With hardware manufacturer Olivetti facing pressure from investors - the company's shares are at an all-time low - industry watchers are debating the embattled company's next move. Will it sell its PC business, as has been widely speculated in the world press, or will it form a strategic partnership with another large multinational?
According to Olivetti Australia's marketing manager Sue Gleave, Olivetti is likely to pursue the latter, although she declines to name potential partners. "At the beginning of 1996 Olivetti split into five separate companies. I don't think it is likely that the company will sell the PC division for the simple fact that the other four divisions rely strongly upon it - there are a lot of synergies there," Gleave said.

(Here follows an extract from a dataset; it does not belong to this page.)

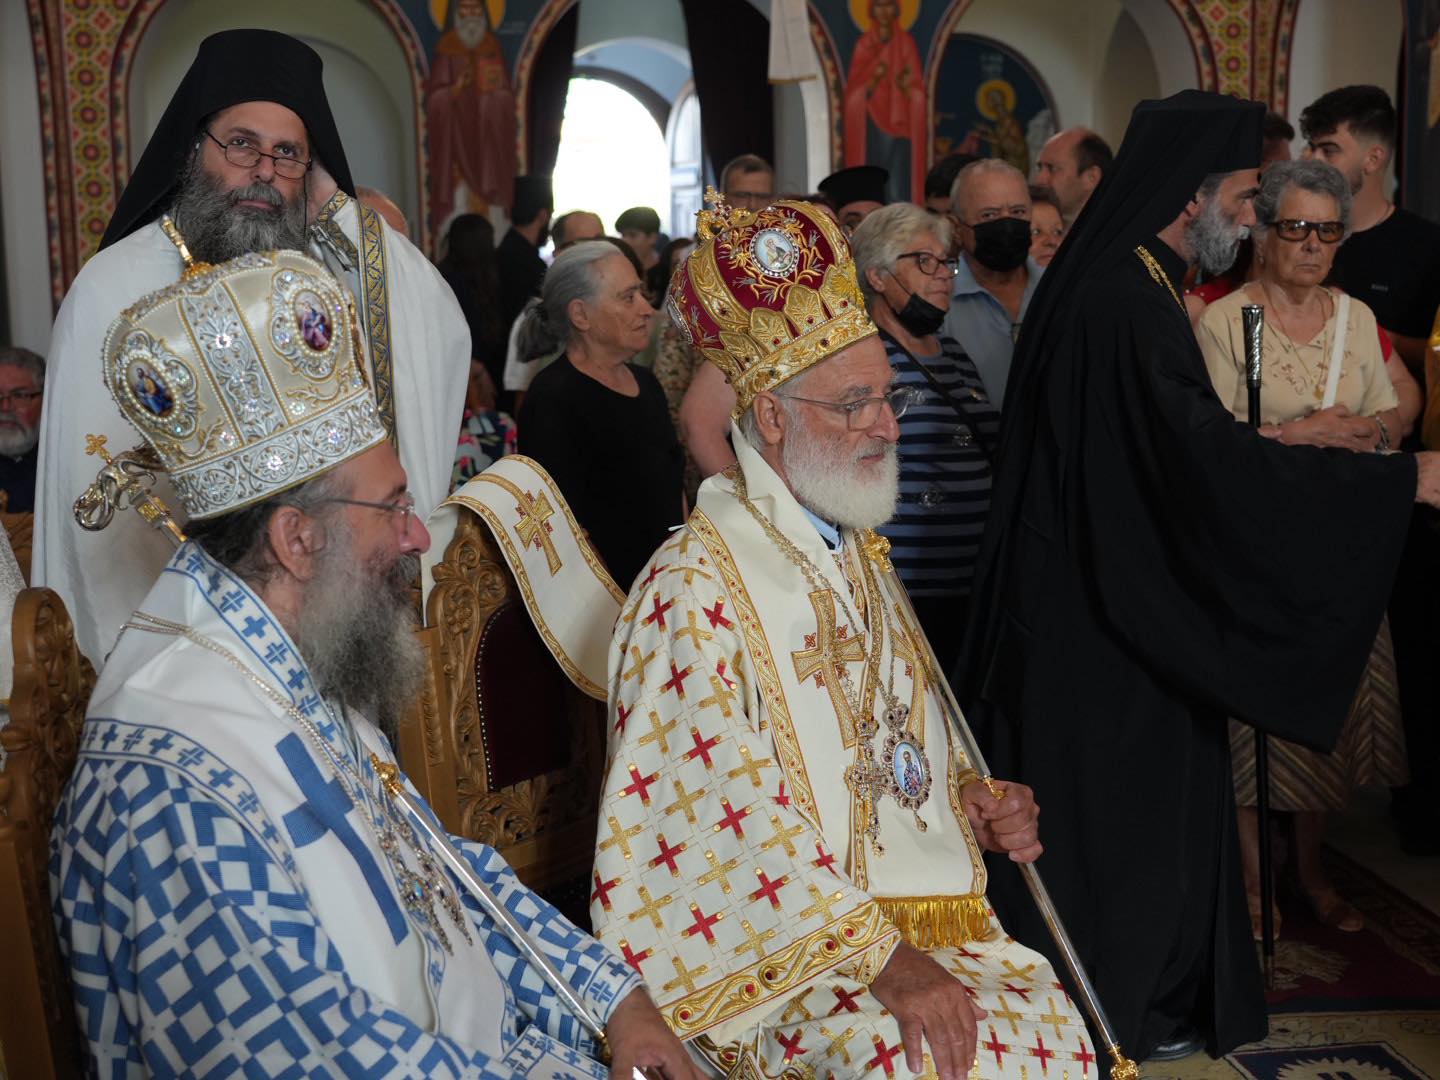 Μητροπολιτικός Ναός του Αγίου Ανδρέα Αρχιεπισκόπου Κρήτης
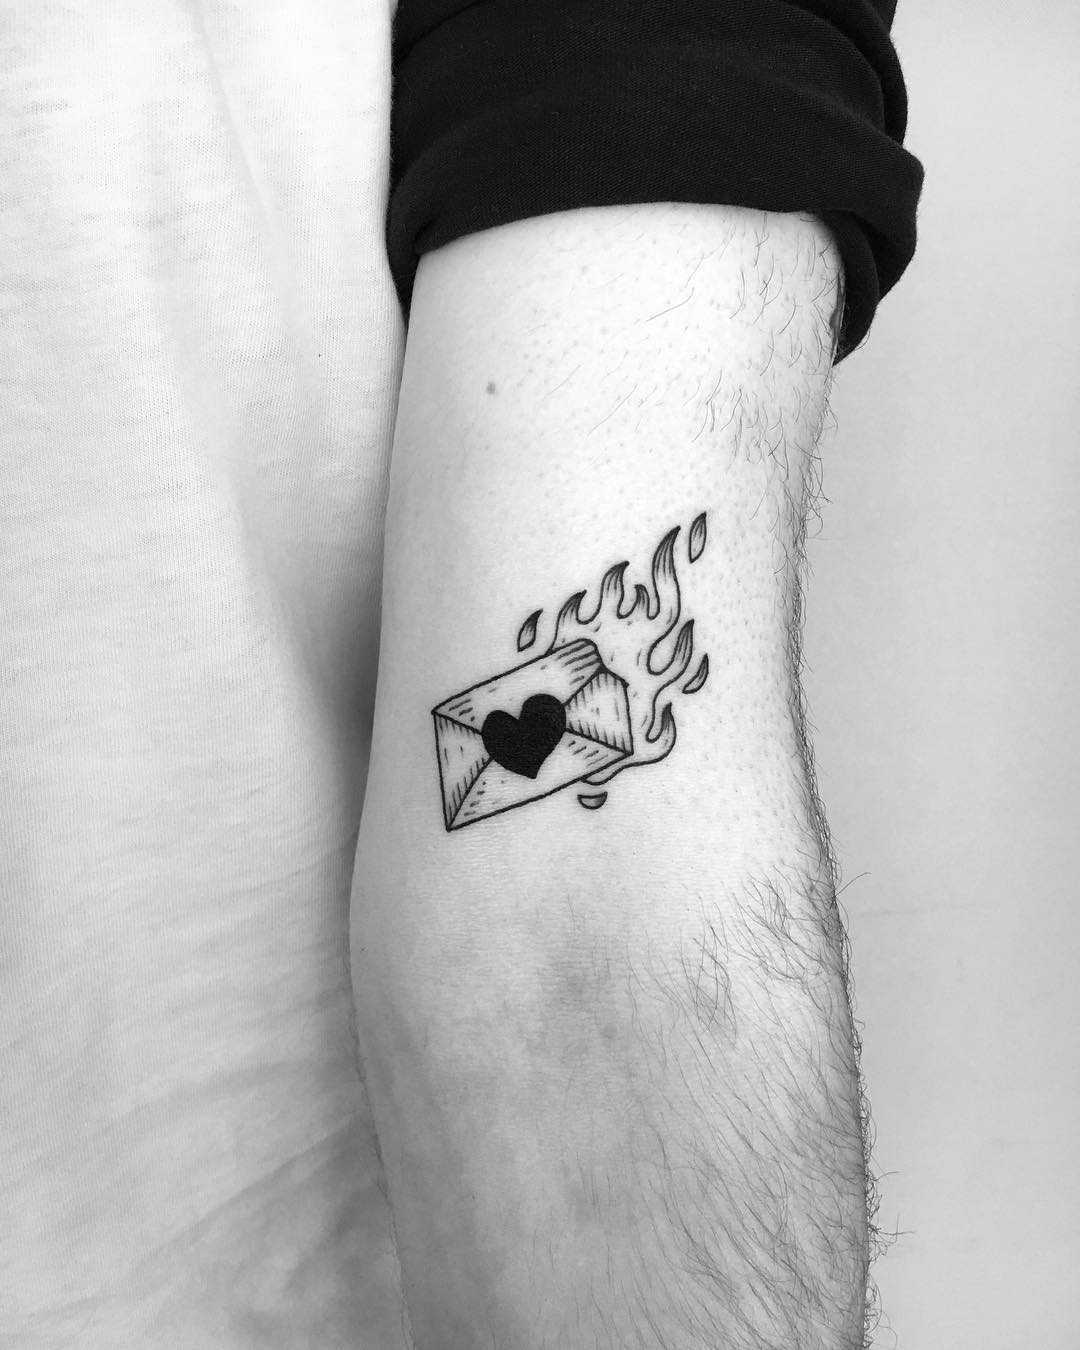 Burning love letter tattoo

"This is a personal opinion, but I think it is more likely we will form an alliance with another company in order to bring the PC company into profitability," Gleave said. "Right now who that company will be is really just at the rumour stage, but what I think will happen is that Olivetti will announce the details of such a partnership sometime in the fairly near future. There's a lot of pressure being exerted by shareholders, and that will drive the process."
Charles Smulders, an analyst with Dataquest Europe, believes that were Olivetti to attempt to get out of the PC business altogether, it would "be prohibitively expensive and would wipe off over 10 per cent of Olivetti's revenue overnight", he said. "Selling the business in its current state [losses of more than $US11 million in the second quarter] is probably not a viable option as finding [a buyer] would be difficult."